WHAT IS REQUIRED: Give the listing again exactly, skipping any pictures it holds.

PROVIDED MATERIAL:
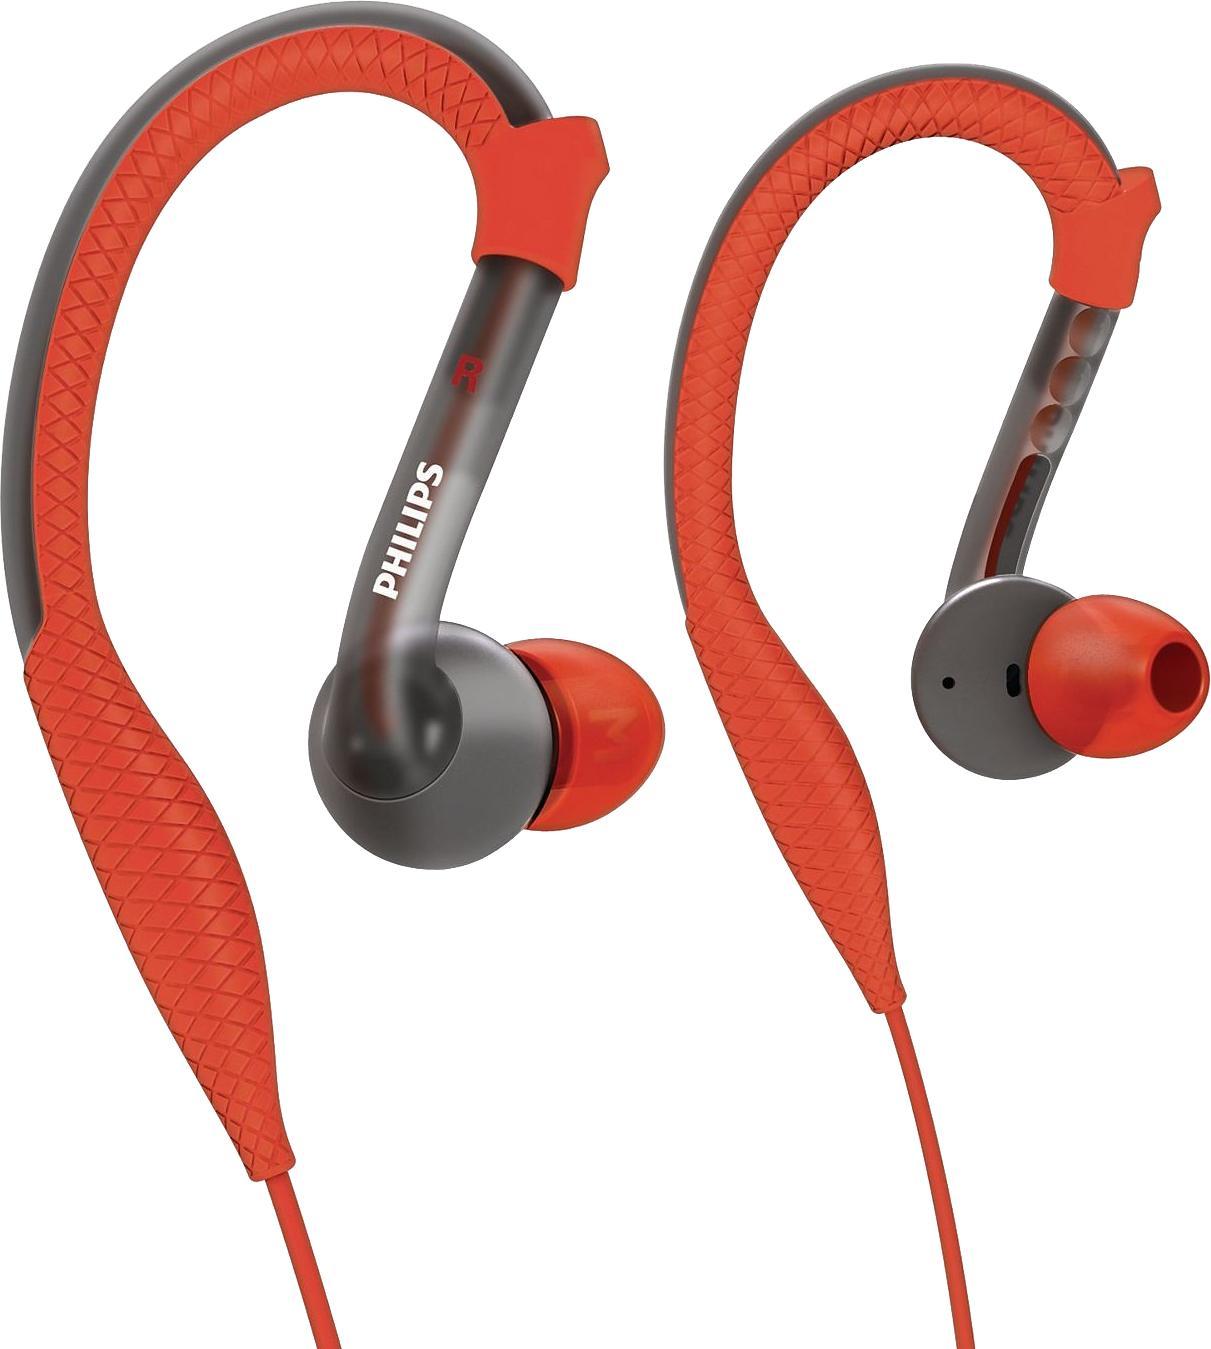 Philips ActionFit Earhook
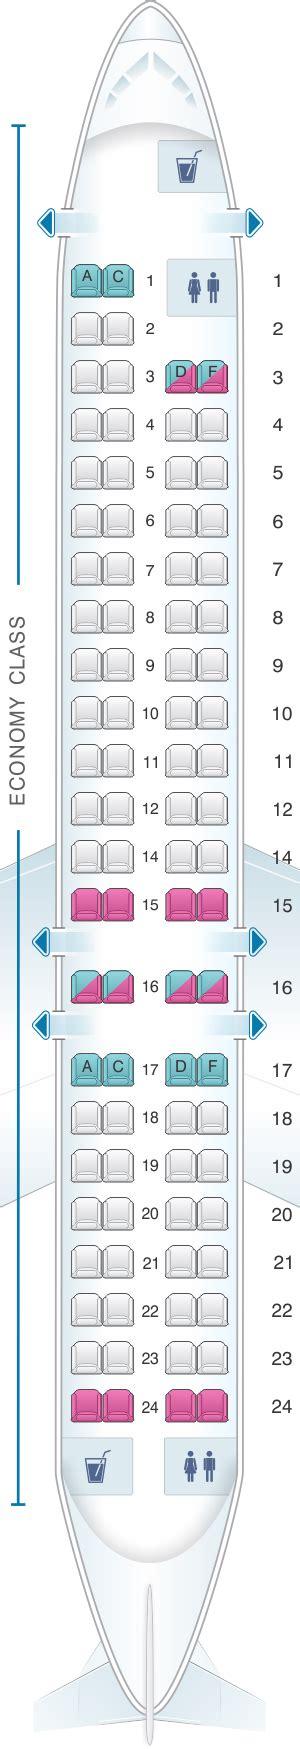 canadair regional jet seating seat map scandinavian airlines sas bombardier canadair
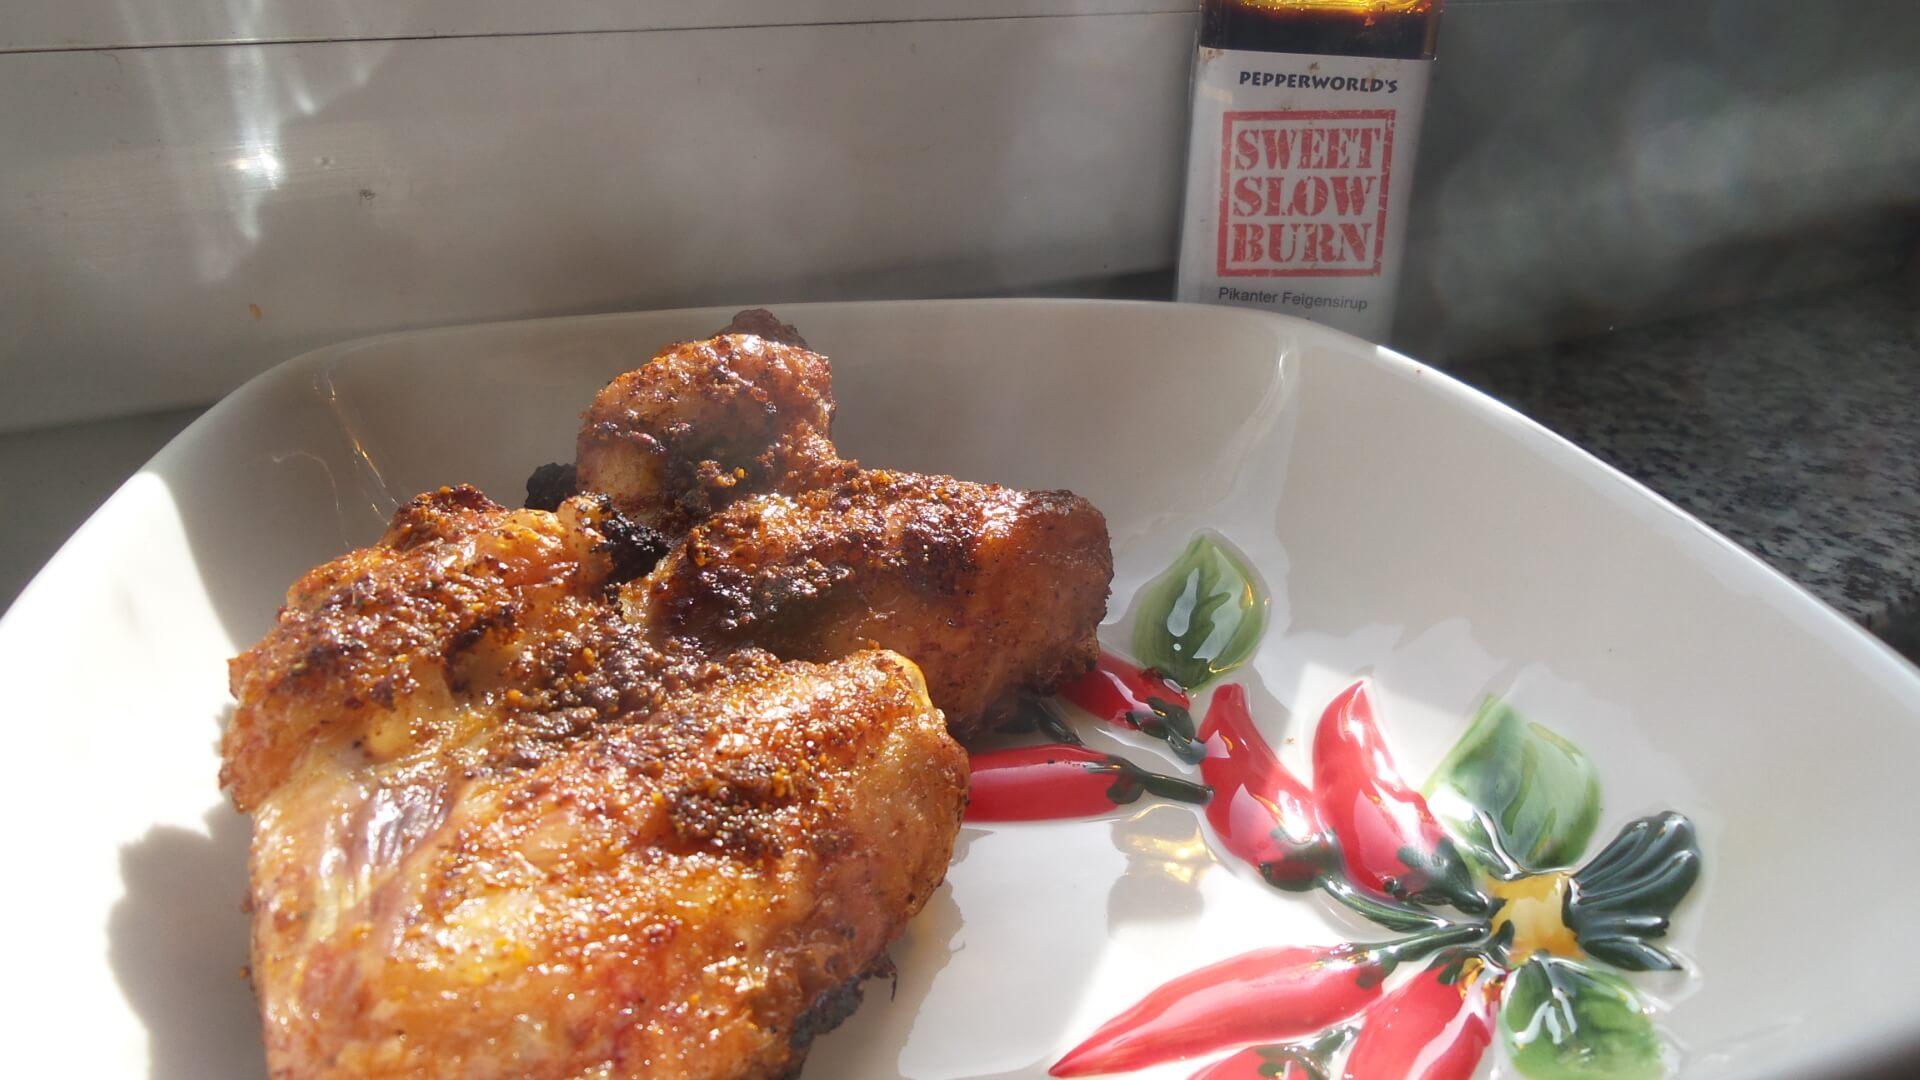 Italien Inspiriertes Chicken Wings Rezept vom Cobb Grill

ANSWER AREA:
 Philips ActionFit Earhook
 canadair regional jet seating seat map scandinavian airlines sas bombardier canadair
 Italien Inspiriertes Chicken Wings Rezept vom Cobb Grill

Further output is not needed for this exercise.